Мейнстримовый мир дизайна пока еще не нашел места для подобных малосерийных изделий. Паола Антонелли, куратор коллекций дизайна в Музее современного искусства, организовавшая там первую выставку Арада, сомневается, что к категории дизайна можно отнести работы, не рассчитанные, хотя бы теоретически, на массовое производство. Таким образом, с ее точки зрения, работы Арада могут быть включены в собрание музея лишь в том случае, если она сочтет, что при их создании он ставил перед собой дизайнерские задачи, то есть ориентировался на их серийный выпуск.
Сам Арад, однако, не желает связывать себя подобными догмами. Он поочередно, да и одновременно, выступает в роли дизайнера, архитектора и, не побоюсь этого слова, художника. Антонелли не поясняет, каким образом она, анализируя работы Арада, может установить, какой замысел крылся у него в уме. Может быть, вопреки всем свидетельствам об обратном, в глубине души Арад рассчитывал, что его металлические кресла будут производиться массовыми сериями? Даже если и так, как Антонелли в этом убедится?

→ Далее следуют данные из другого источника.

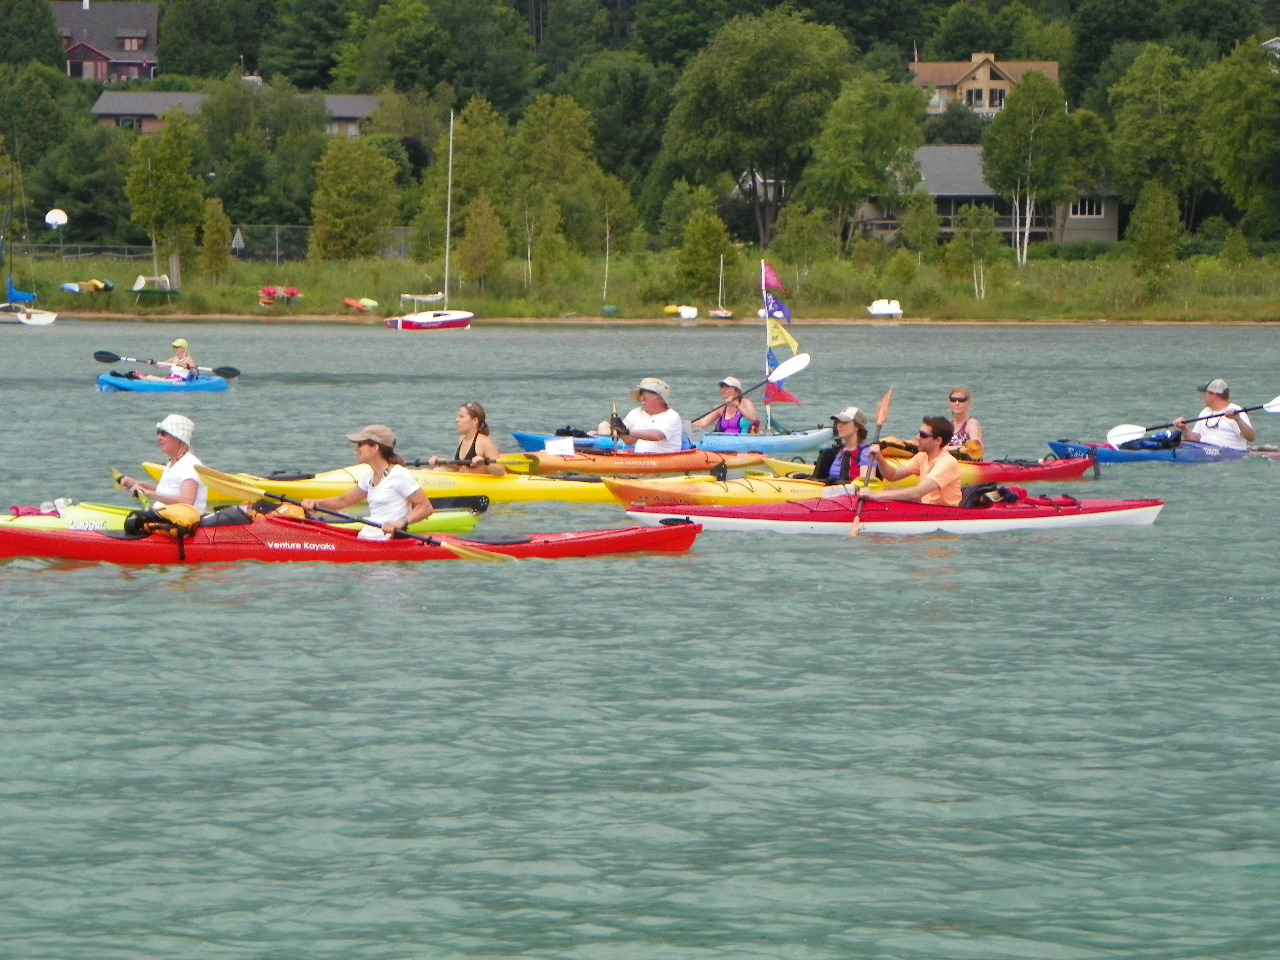 Kayak for a Cause on Walloon Lake

Арад занимается не только изделиями, которые — если вложить средства в производственное оборудование — можно выпускать в большом количестве с низкими затратами, но и созданием дорогих объектов, изготавливаемых малыми партиями. Последние должны иметь высокую цену, отражающую трудозатраты высококвалифицированных мастеров, без которых в данном случае не обойтись.
Побудительные мотивы Арада имеют под собой культурную основу: это не бизнес-план, в отличие, скажем, от решения Джеймса Дайсона создать собственную фирму для производства изобретенной им новой модели пылесоса. Дайсон безошибочно угадал в нем потребительский товар, находящийся на верхнем ценовом пределе для среднестатистического покупателя без необходимости его приобретения в кредит. Арад сумел остаться дизайнером, придумав для себя новое определение дизайна.
Сегодня наши отношения с вещами переживают радикальную трансформацию.
Дизайн, с тех пор как он превратился в самостоятельную профессию, использовался для «производства желаний». В его основе лежало отделение процесса разработки от процесса изготовления. Но появление работ Марка Ньюсона и Рона Арада в экспозициях художественных галерей ознаменовало собой выход на некий новый качественный уровень. Идеология дизайна всегда была тесно связана с решением конкретных задач. Теперь дизайнеры предлагают нам объекты, относящиеся к совершенно иной категории. Вряд ли это уже в недалеком будущем серьезно изменит нынешнее положение дизайна и искусства в социальной иерархии. Но послужить стимулом для появления множества новых неординарных работ — хотя эта вспышка, скорее всего, будет недолговечной — нынешняя тенденция может.